Exercise details:
Retype each line of the material exactly, please, skipping any picture in it.

Source data:

++++++++++++++++++++

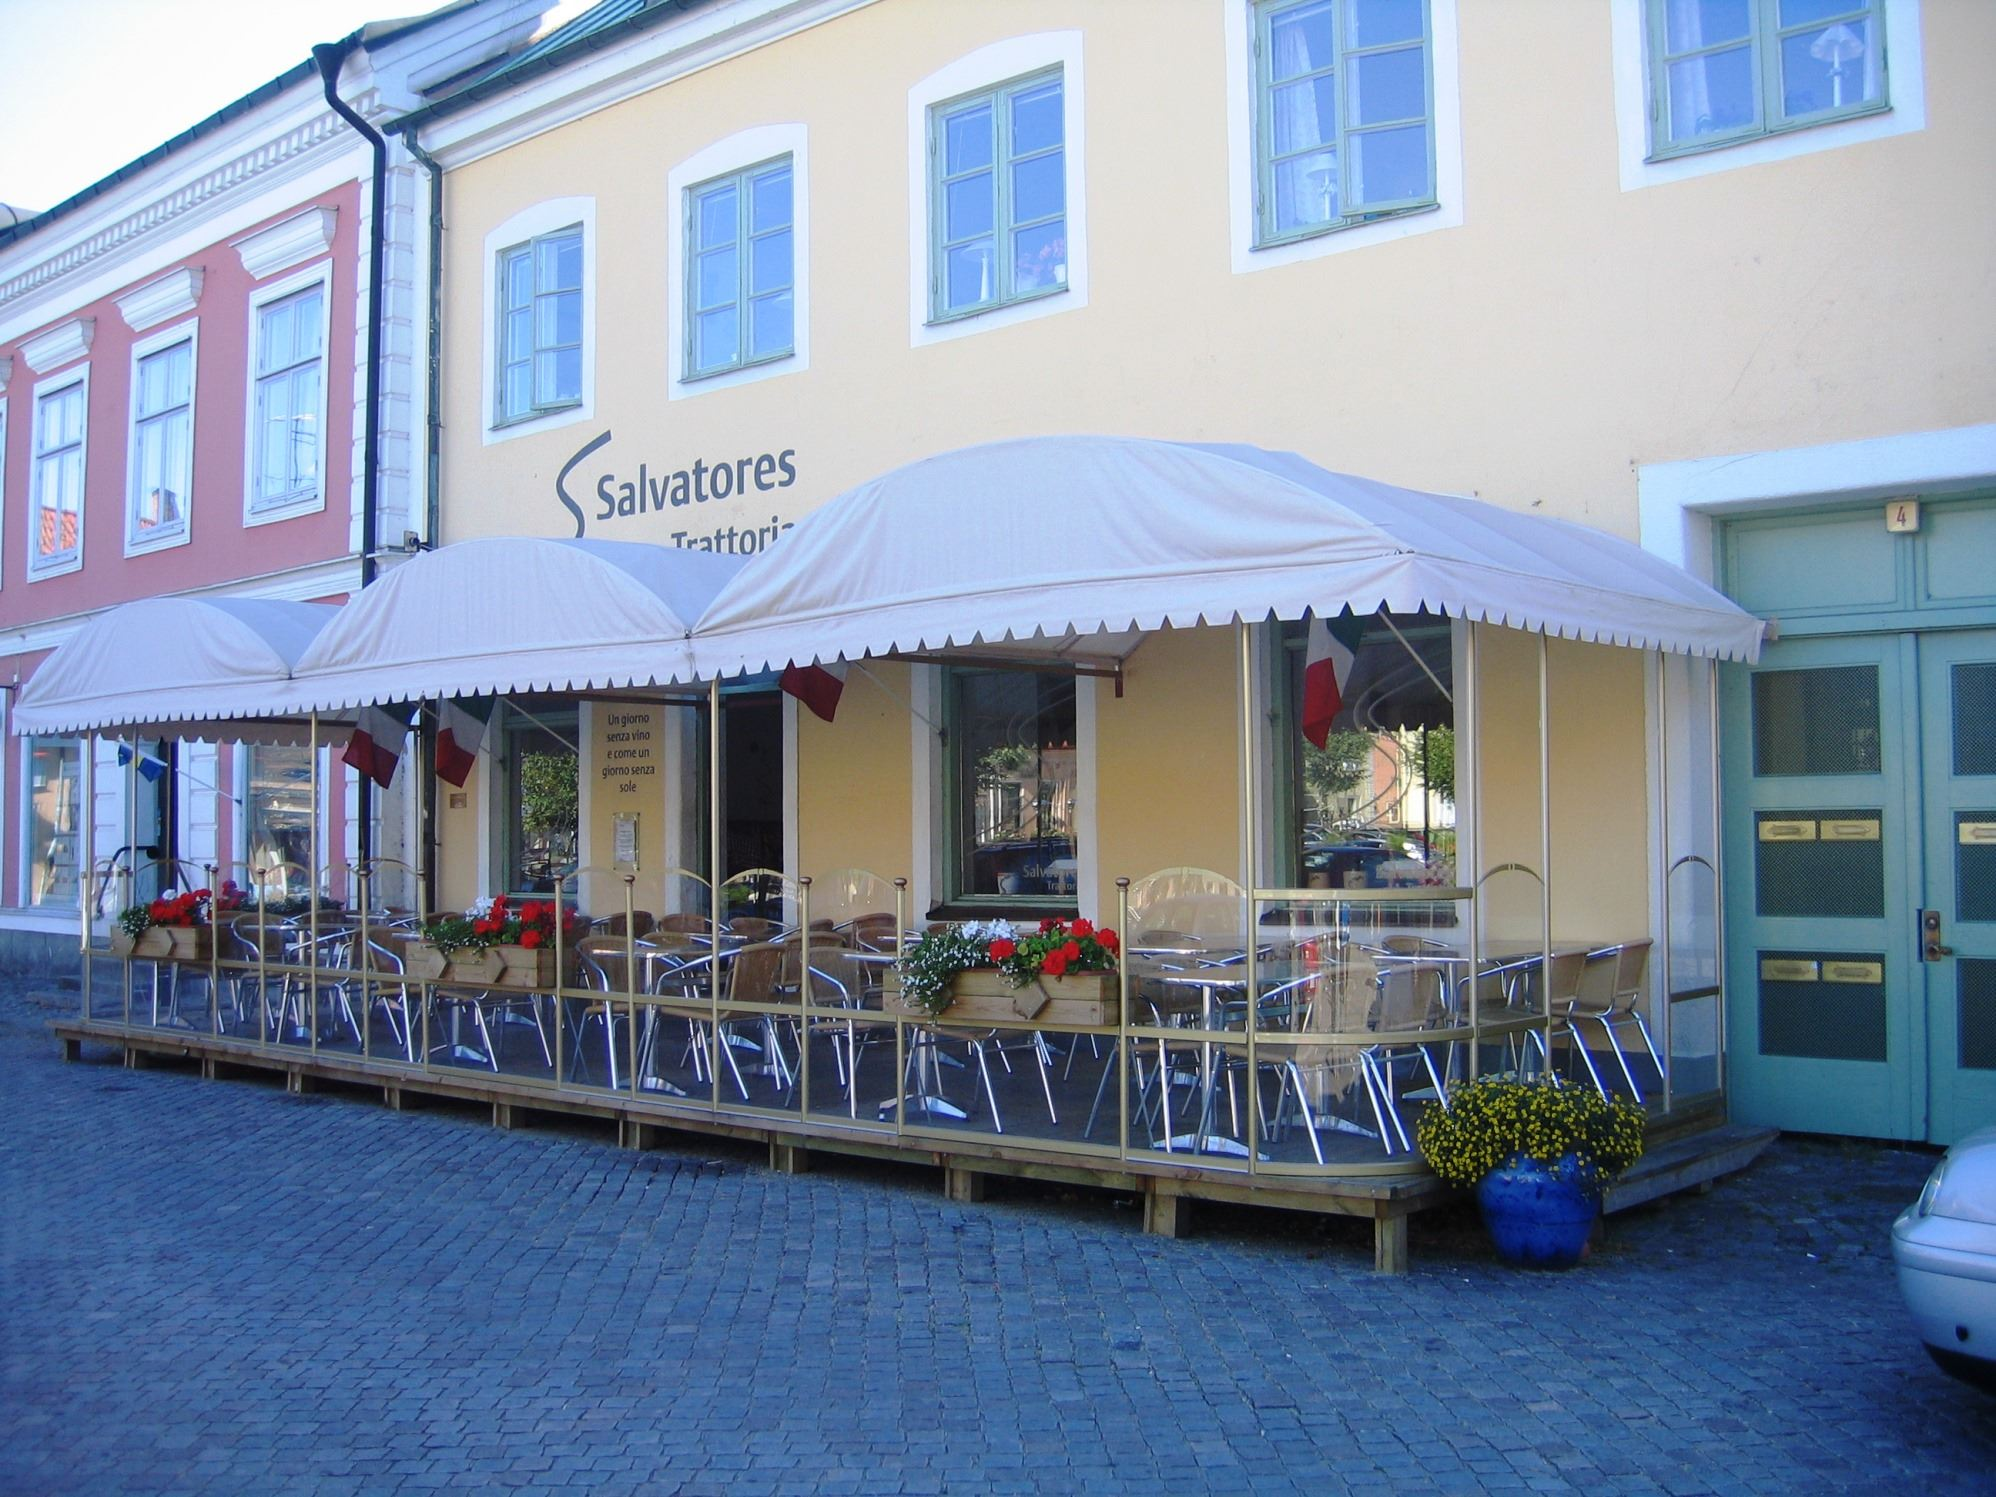 Salvatores Trattoria - Sölvesborg
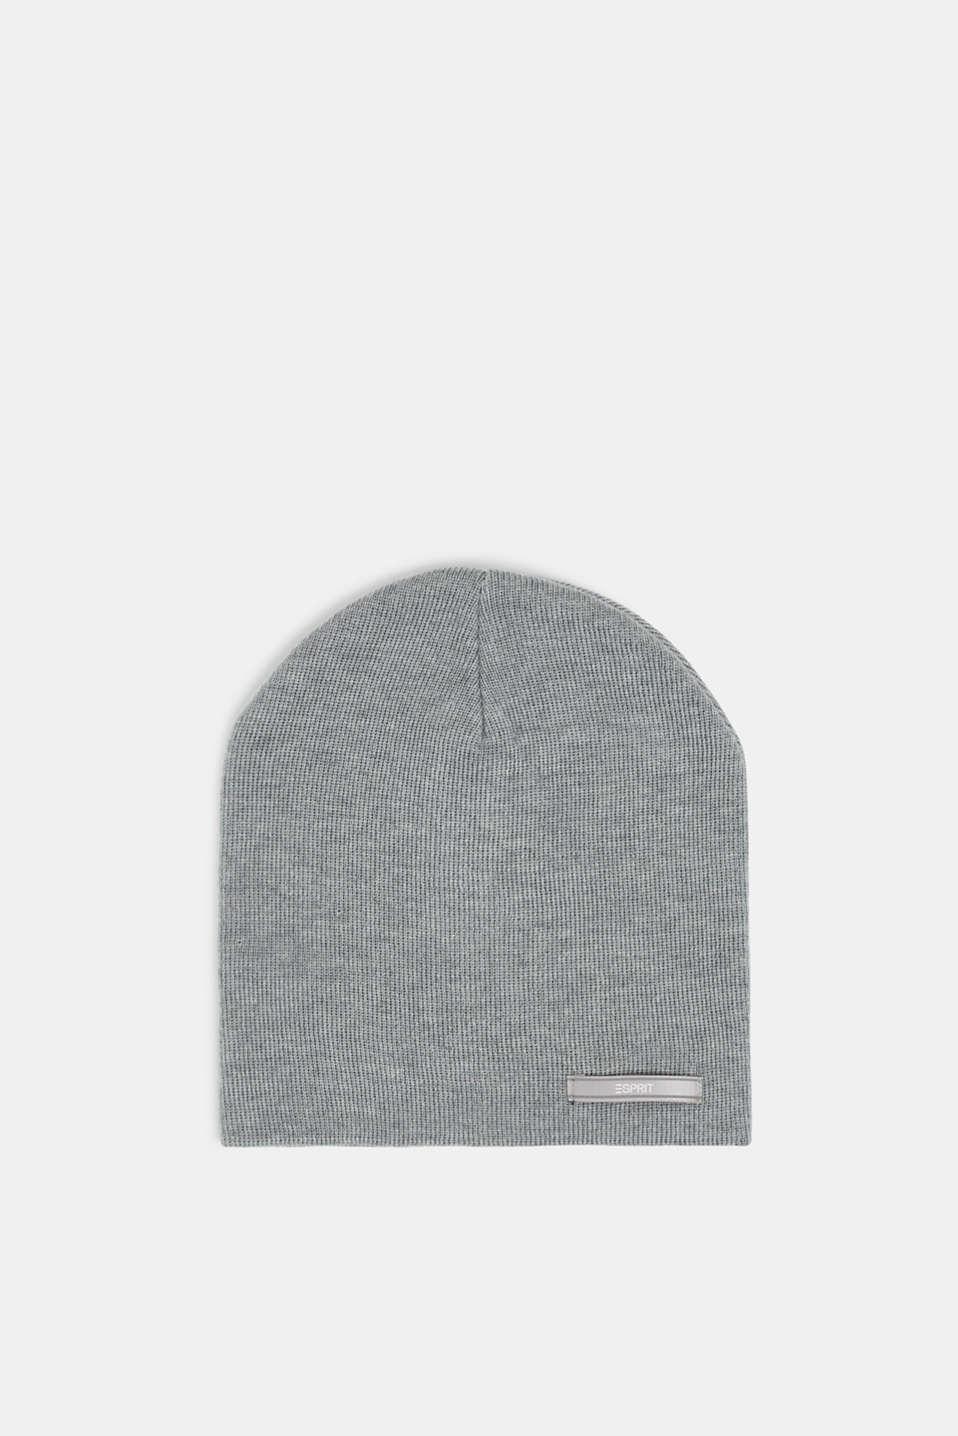 Hats/Caps, GREY, detail image number 0
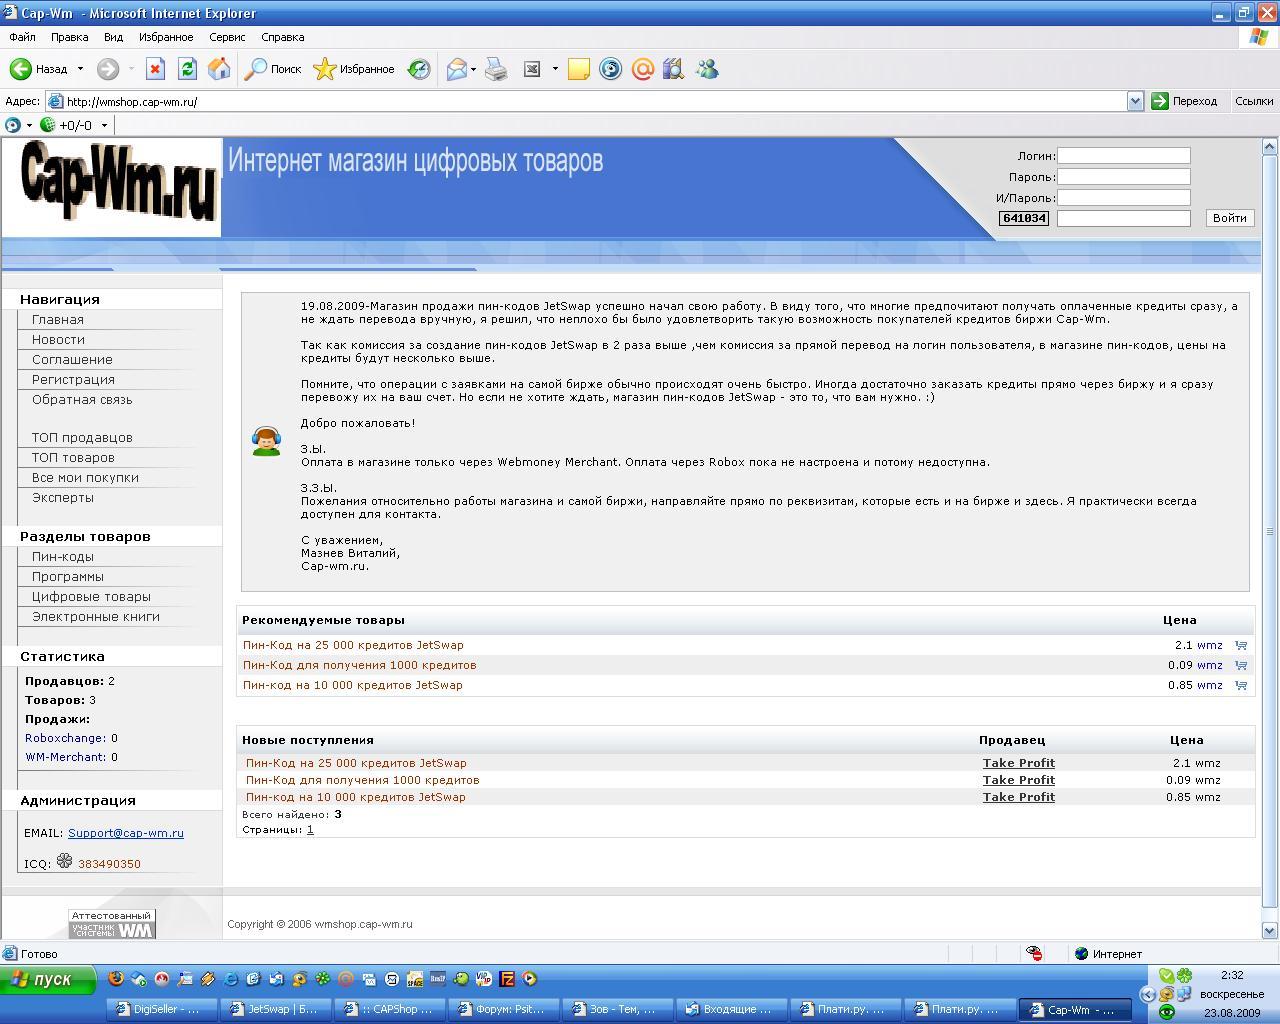 Италия ниссан логотип интернет-магазины листьев онлайн и оффлайн.

++++++++++++++++++++

Task output:
 Salvatores Trattoria - Sölvesborg
 Hats/Caps, GREY, detail image number 0
 Италия ниссан логотип интернет-магазины листьев онлайн и оффлайн.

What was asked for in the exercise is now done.